• [YOUR INSTRUCTIONS]:
Could you retype exactly the lines below between the one holding "Brodwn Teddy Bear" and the one holding "When you take", inclusive, leaving out any pictures?

===== PROVIDED DATA =====

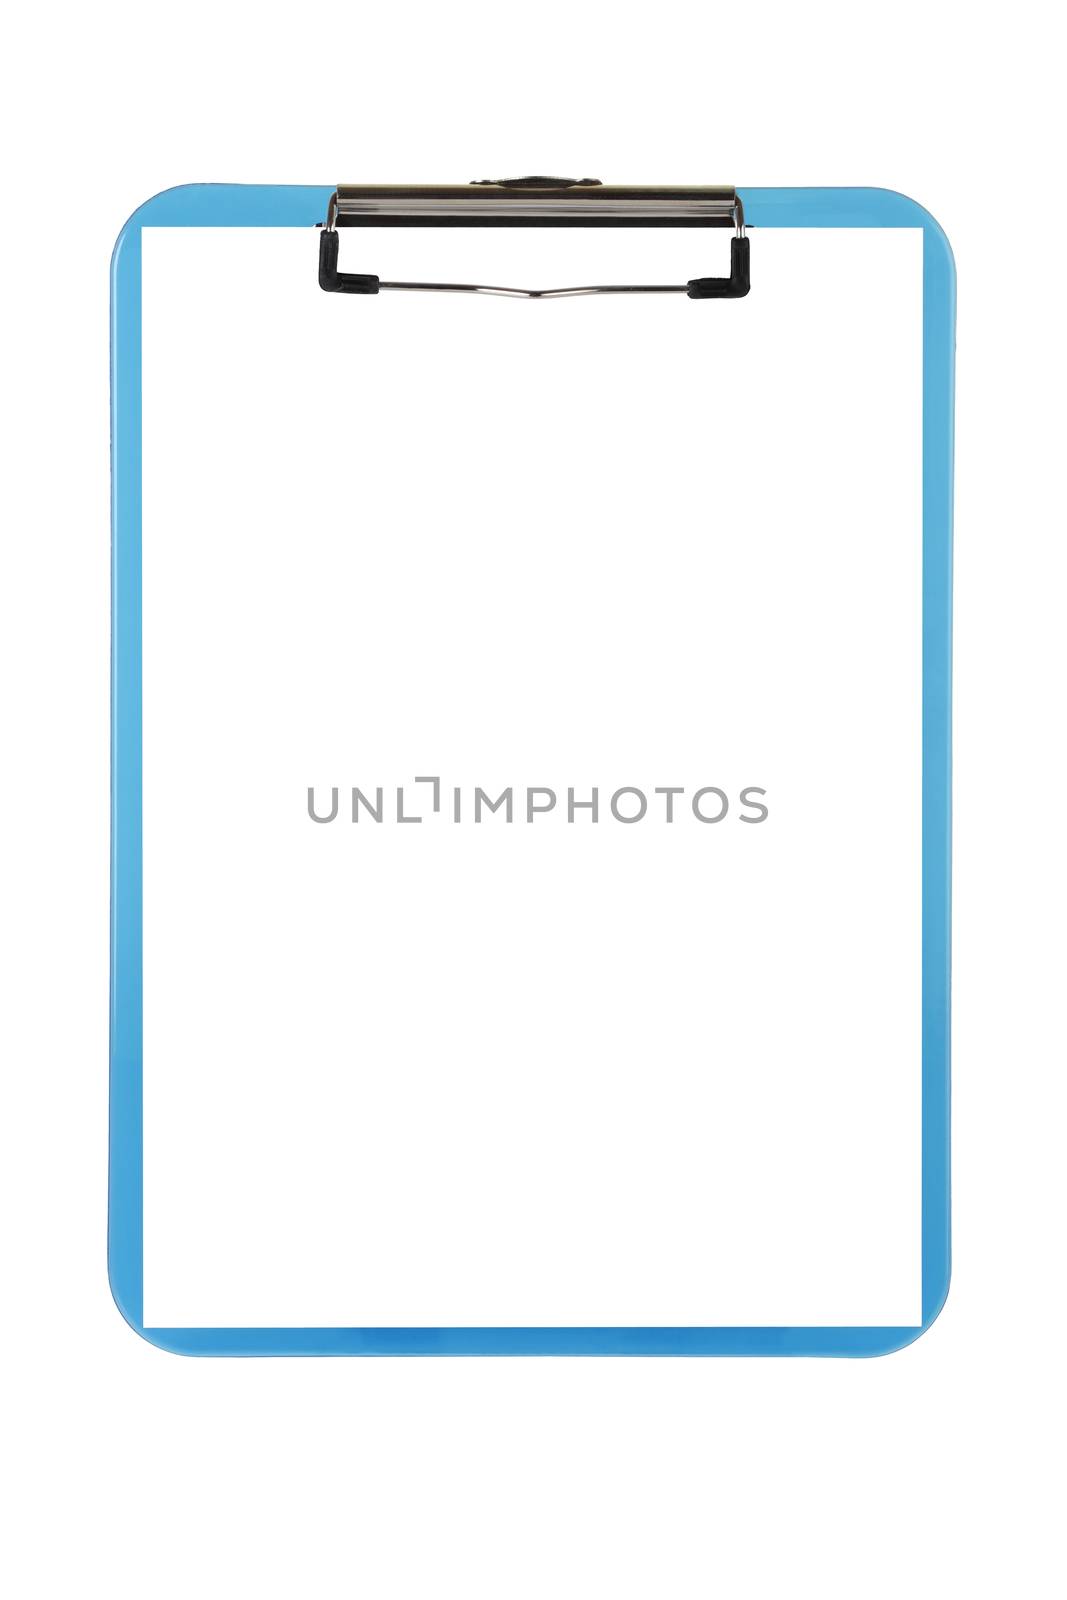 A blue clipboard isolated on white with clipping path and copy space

=====
===== PROVIDED DATA =====

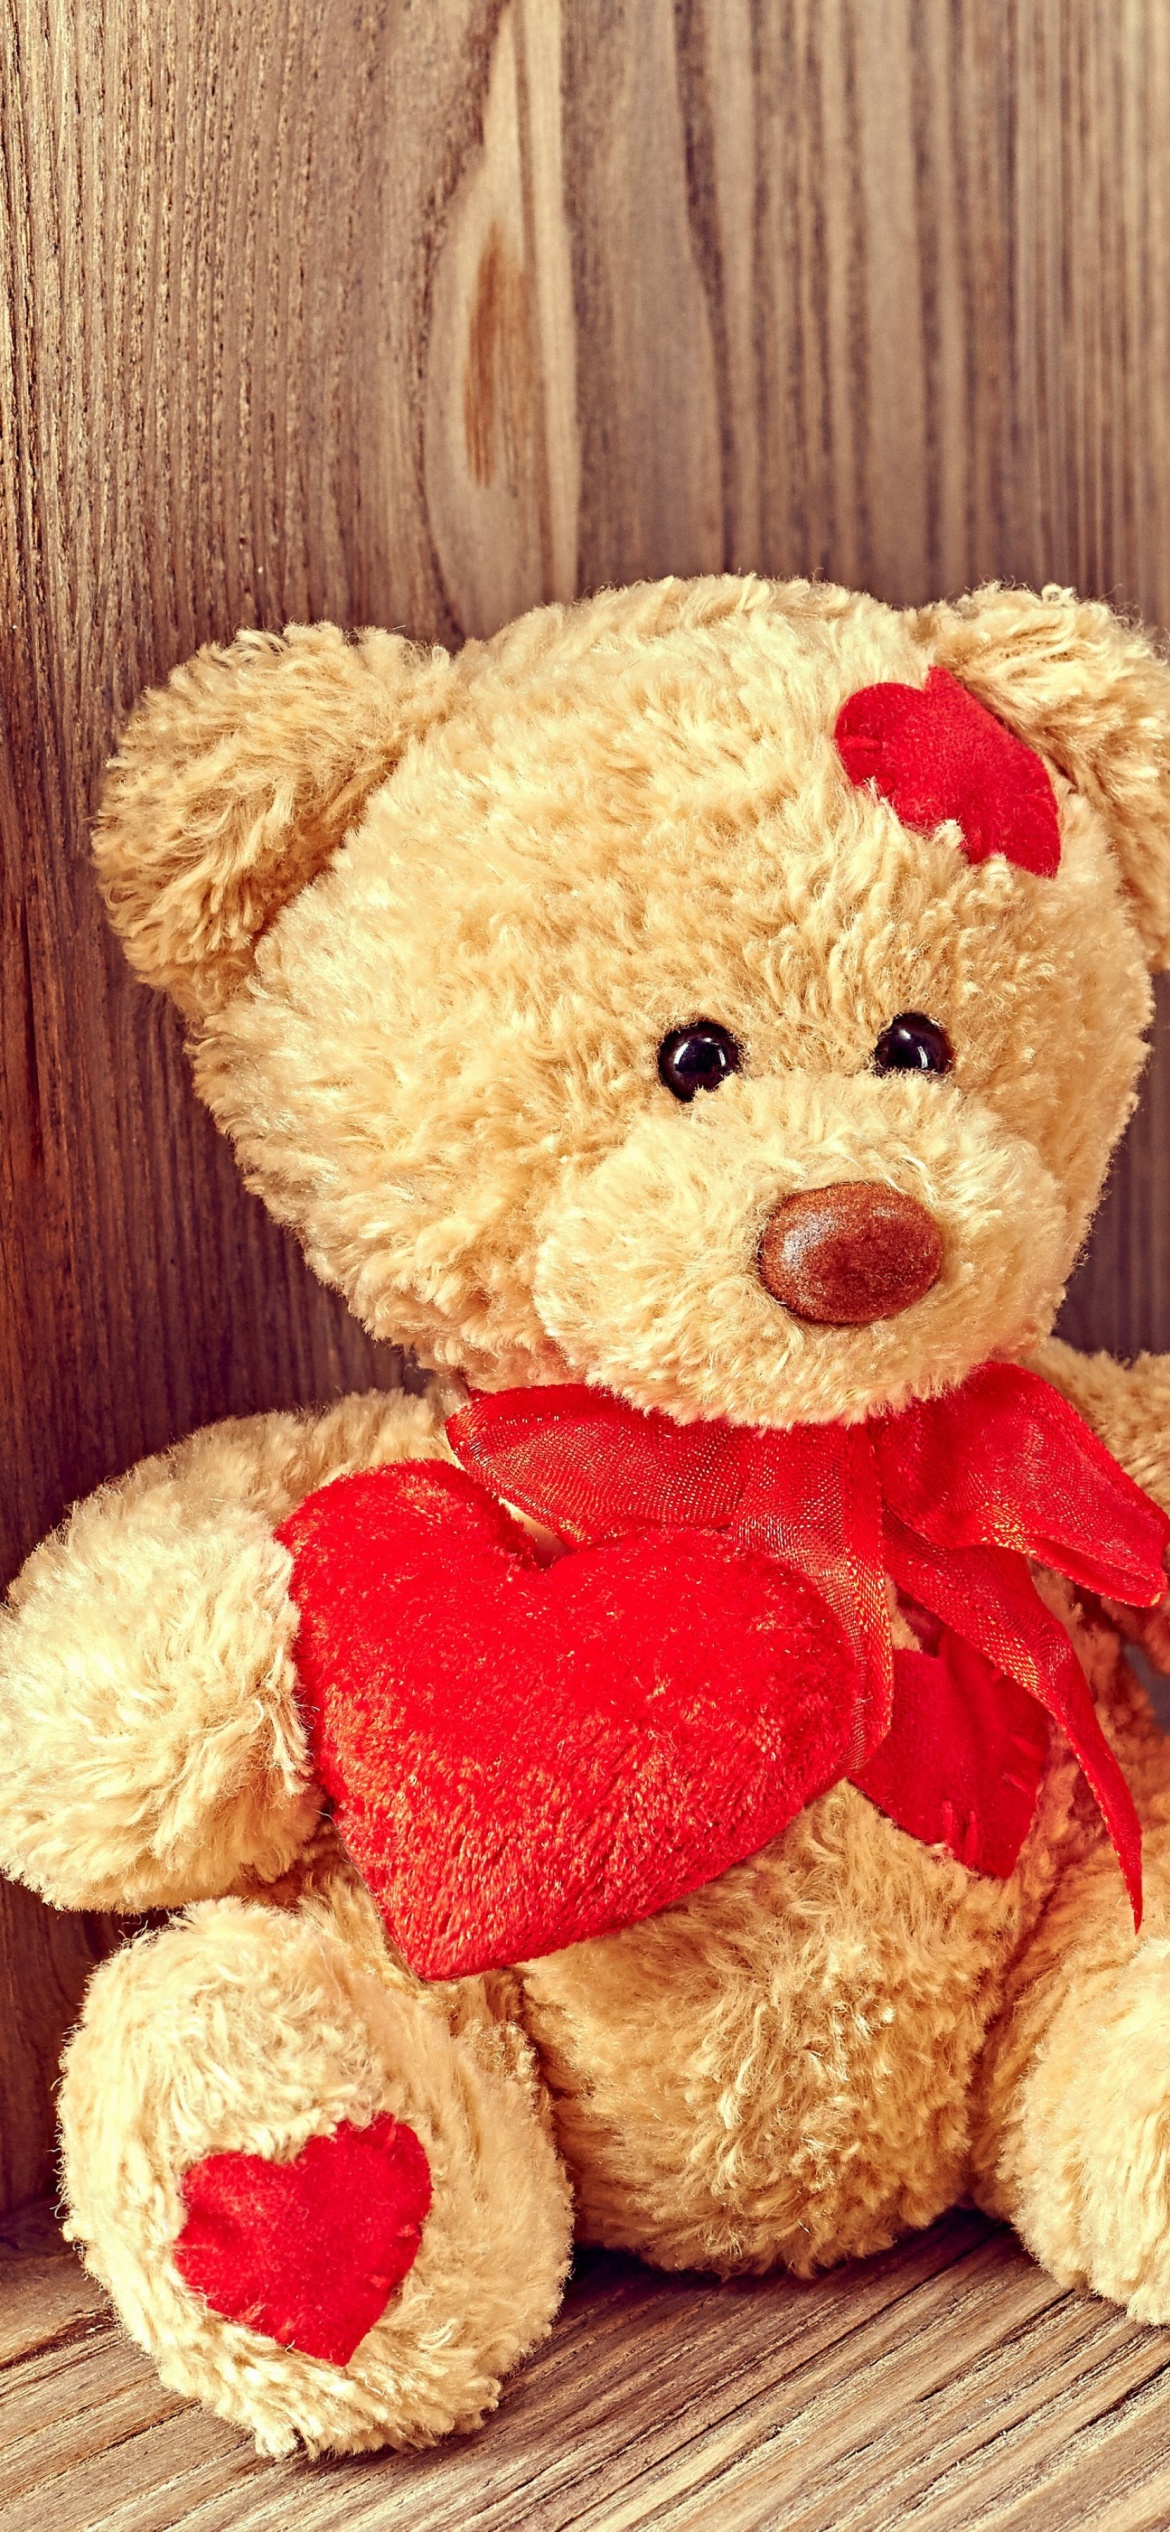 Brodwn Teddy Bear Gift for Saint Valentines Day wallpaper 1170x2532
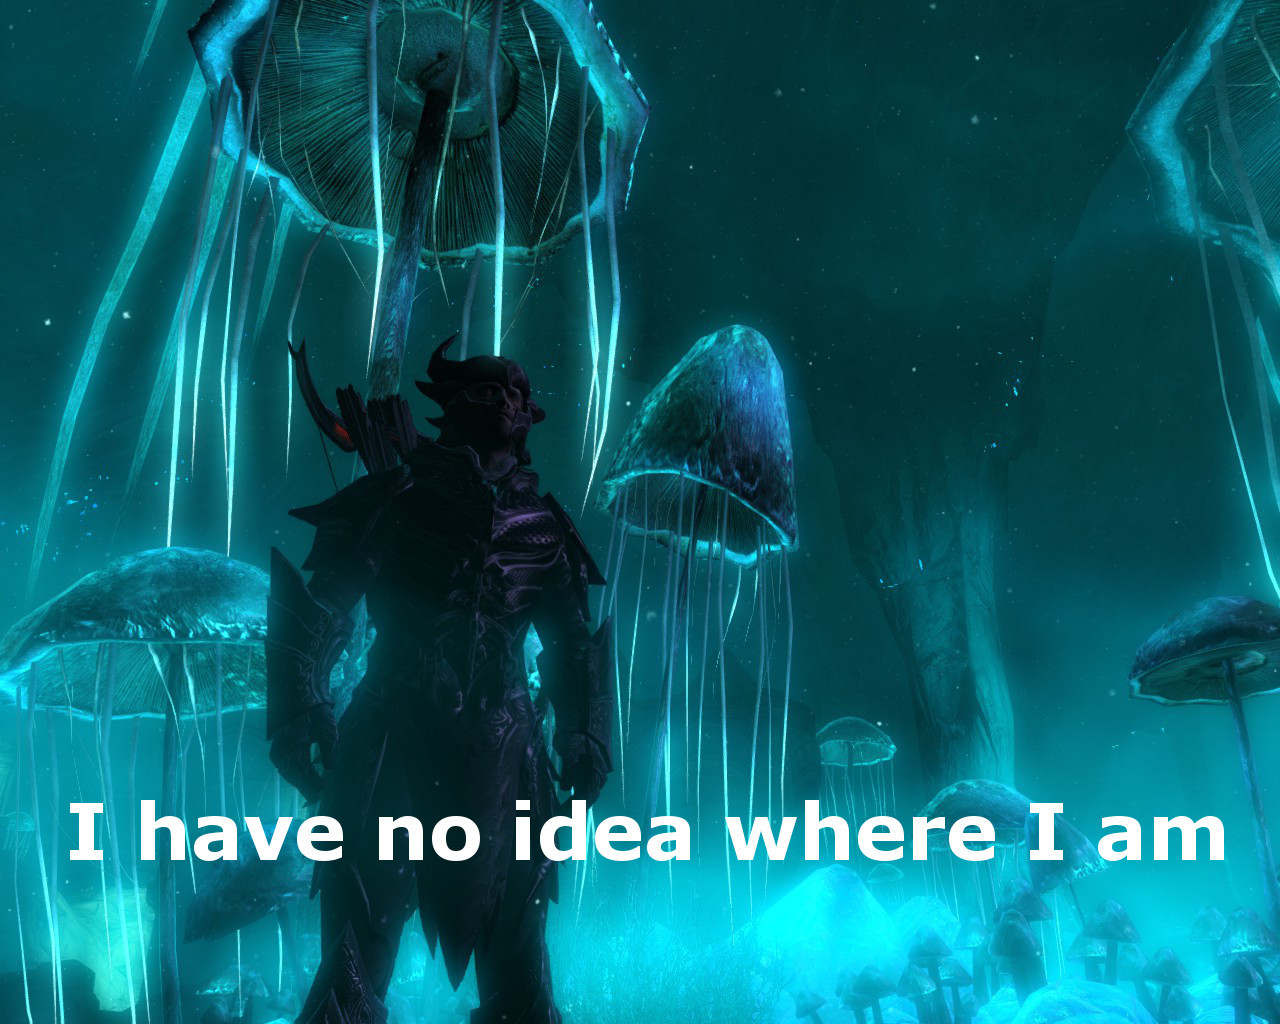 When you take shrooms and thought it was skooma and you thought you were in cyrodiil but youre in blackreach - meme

=====
===== PROVIDED DATA =====

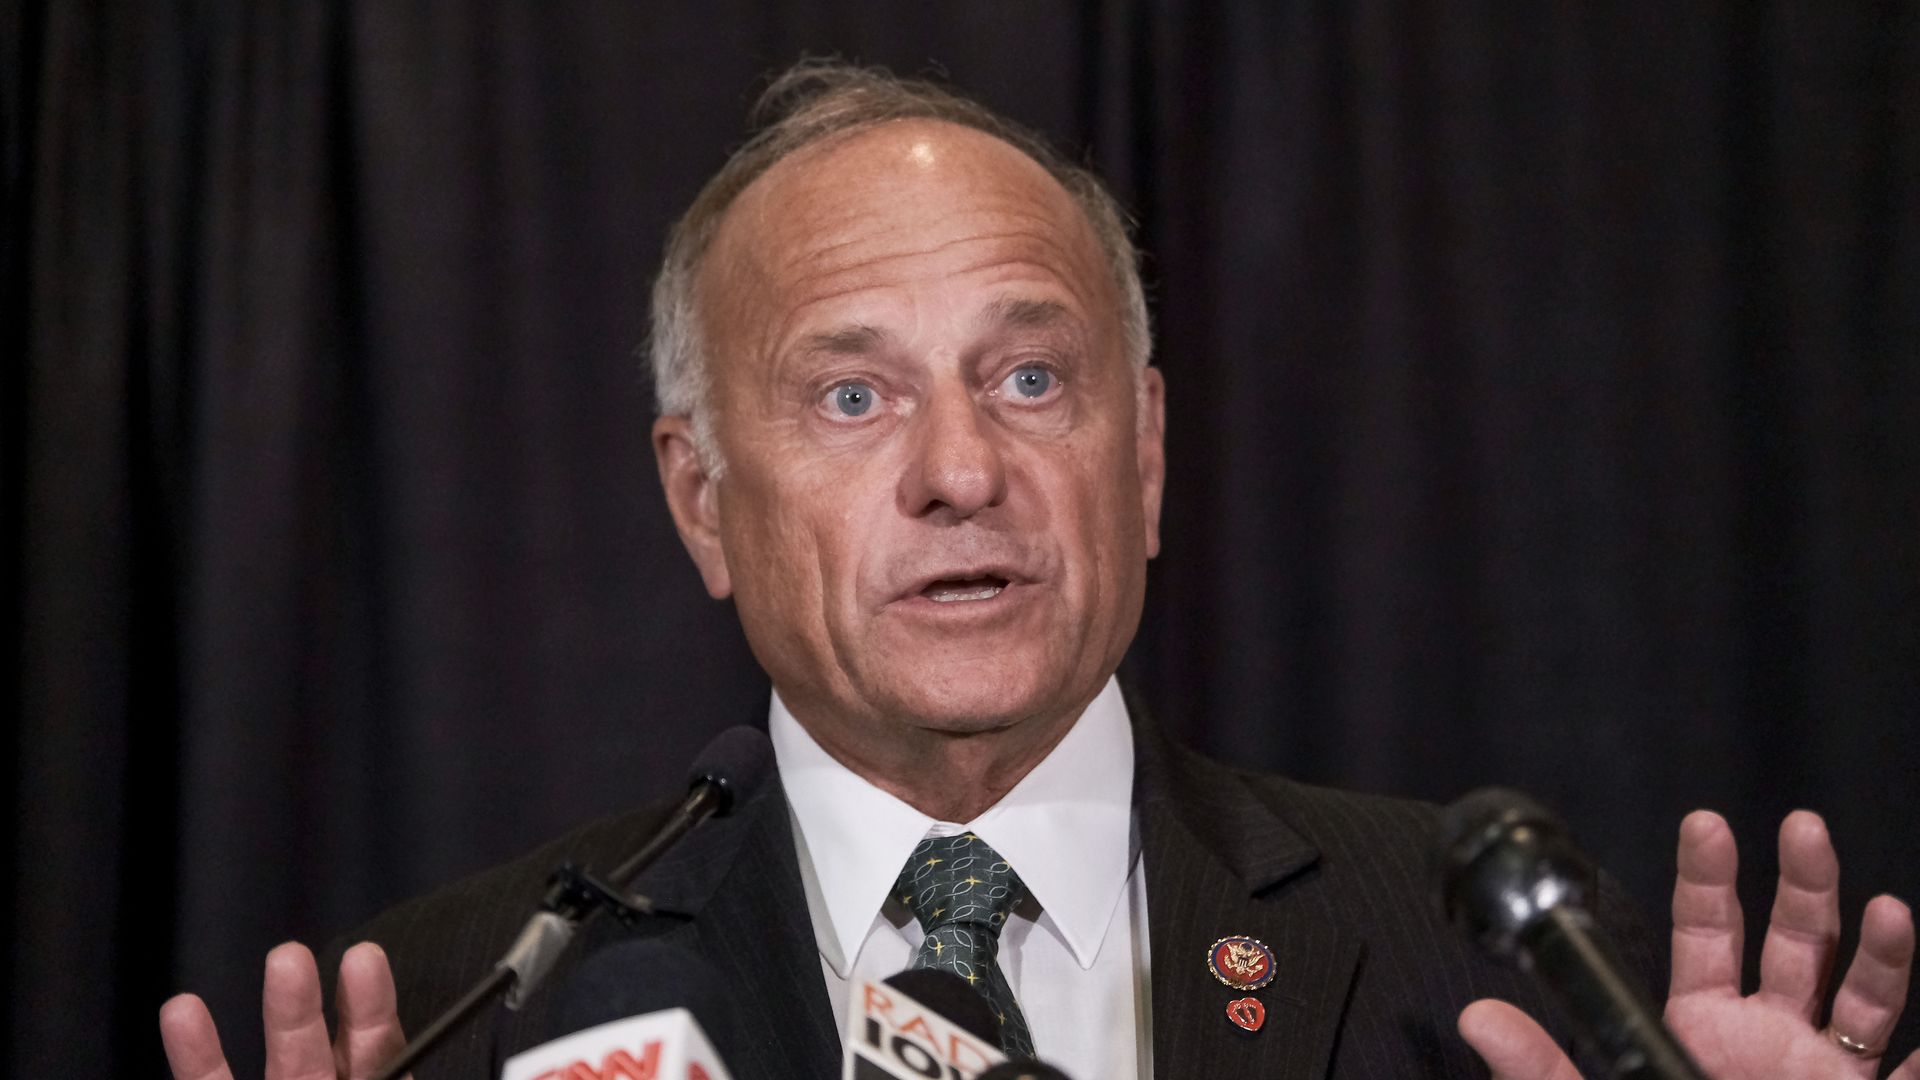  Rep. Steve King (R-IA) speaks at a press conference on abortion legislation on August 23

=====

• [WRITTEN ANSWER]:
 Brodwn Teddy Bear Gift for Saint Valentines Day wallpaper 1170x2532
 When you take shrooms and thought it was skooma and you thought you were in cyrodiil but youre in blackreach - meme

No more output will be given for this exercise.